For I hide away my loneliness and longing

Behind walls of anger, stubbornness and pride

So afraid that I'll be hurt, again, too deeply

If I trust the one I love to come inside.

chorus:

For obvious reasons it scares me to say

I love you so much, I've come back to stay,

And the truth of my feelings just won't go away

Yes I feel the same way, too,

And I'm ready, now, to say it back to you.

bridge (both):

And it may because you know me so well

That behind all our secrets it's easy to tell

There's no going back and no running away

Things can't be the same from now on.

And that's okay.

Verse 3:

Patrick: You need never fear that I'd betray you.
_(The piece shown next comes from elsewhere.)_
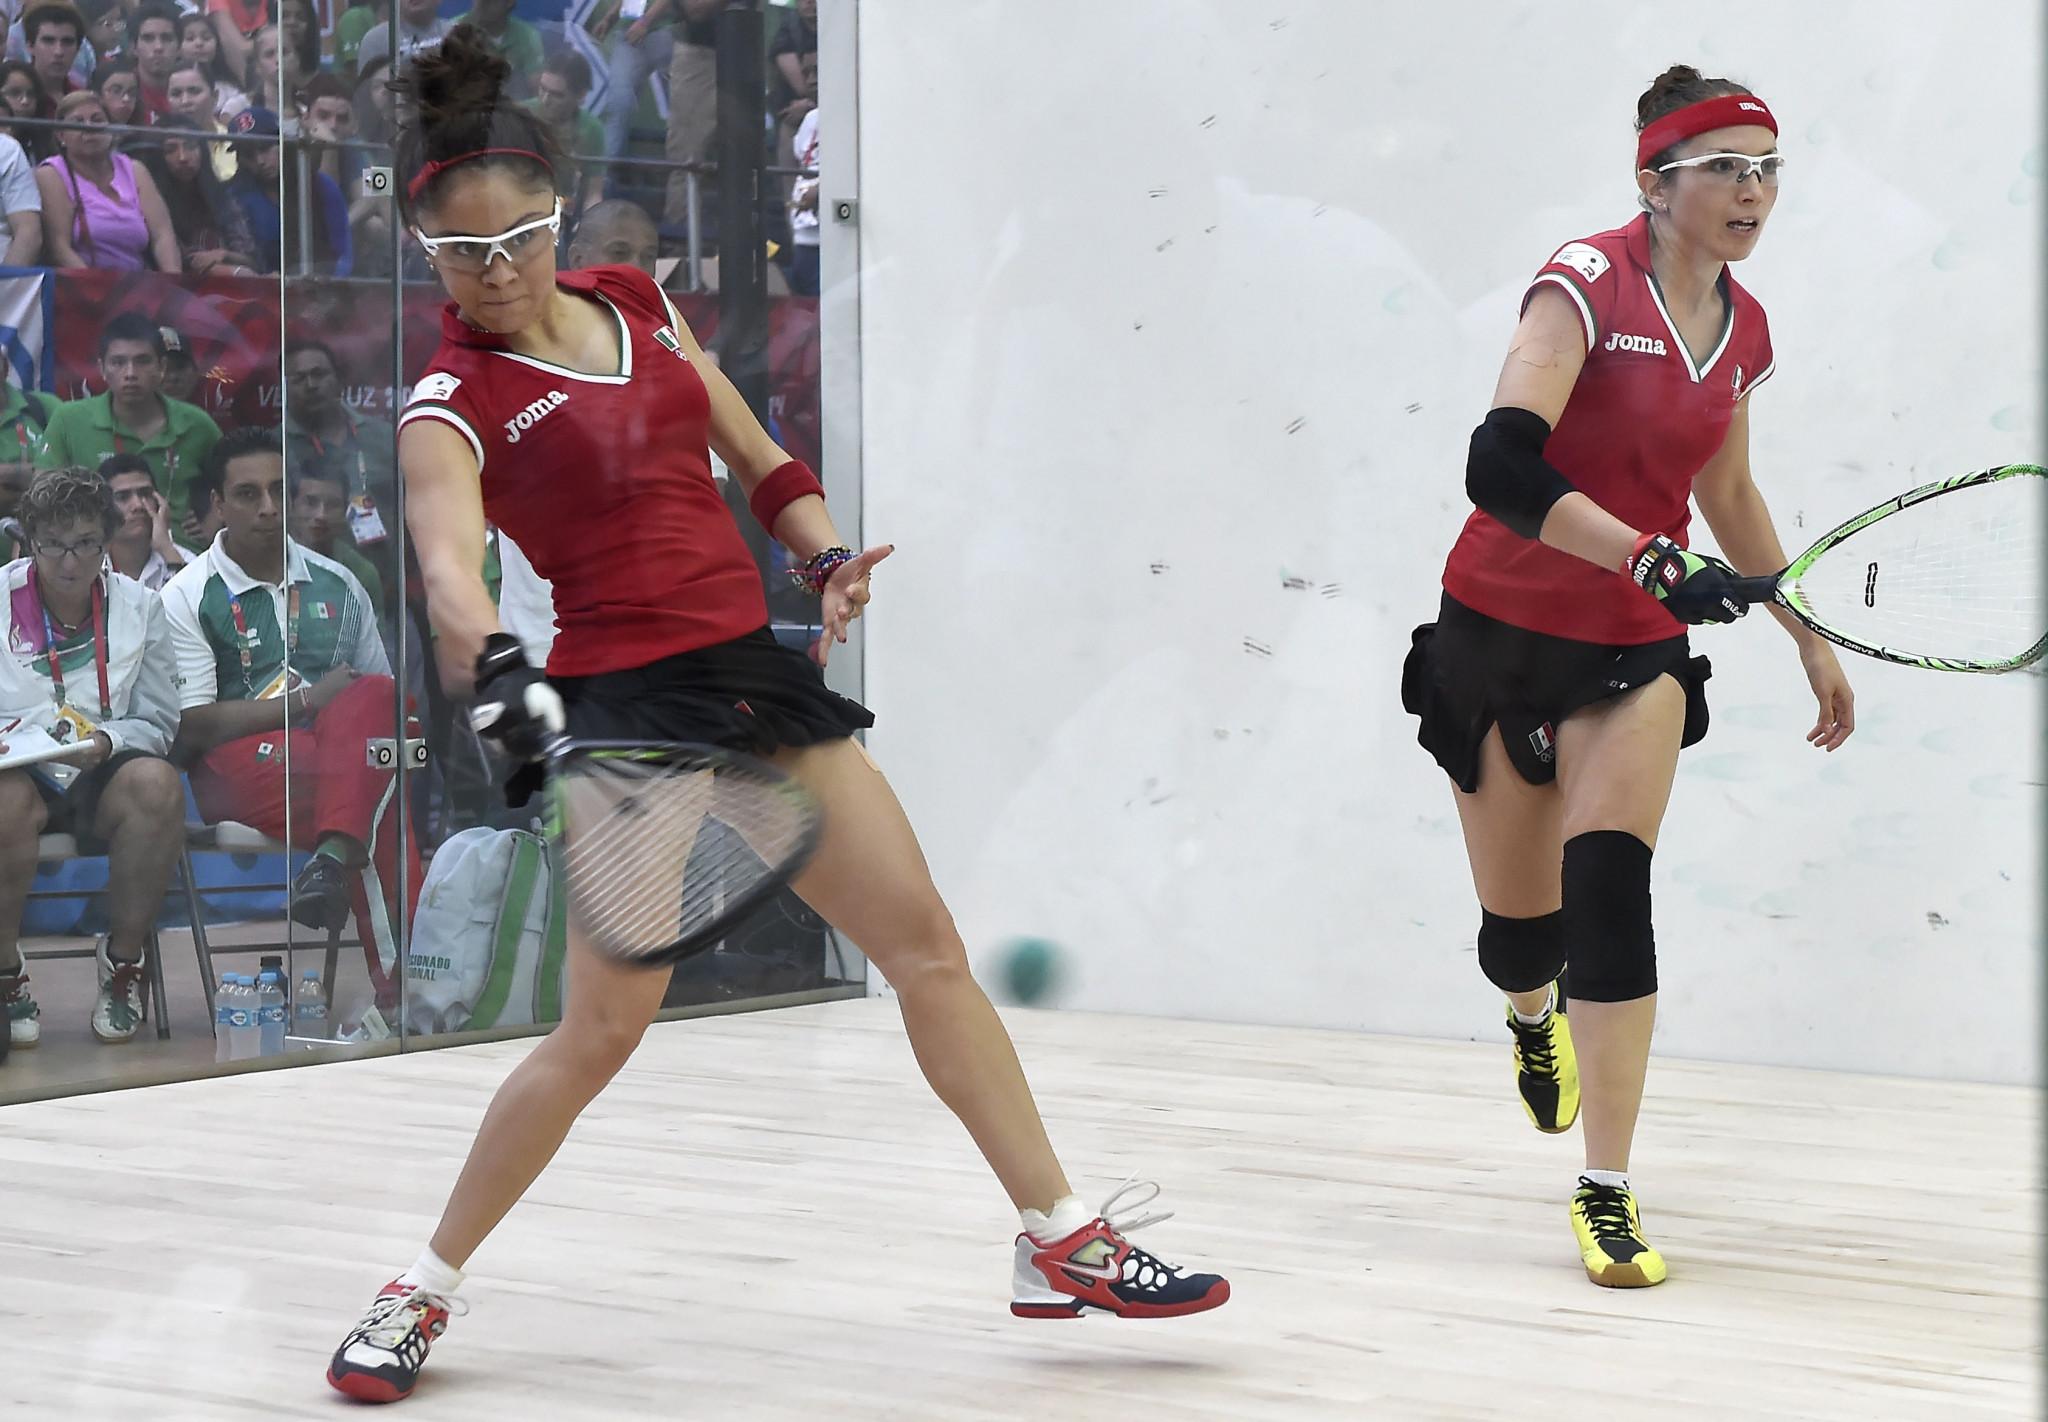 Group play continues at World Racquetball Championships

Teresa: Trust me, we'll find peace beyond the pain.

Both: We can be the hope and consolation

That we both need to learn to live again.

And although it seems a challenge and a gamble

For two independent hearts like ours to take

Your love is more than worth the risk and trouble

Of facing the regrets we still can't shake.

chorus:

For obvious reasons it's hard to let go

The hurt in our past, but this much we know

That it costs more to hide than to let our love show

So whatever else I do (no matter what I do)

I will face my fears and trust my heart to you.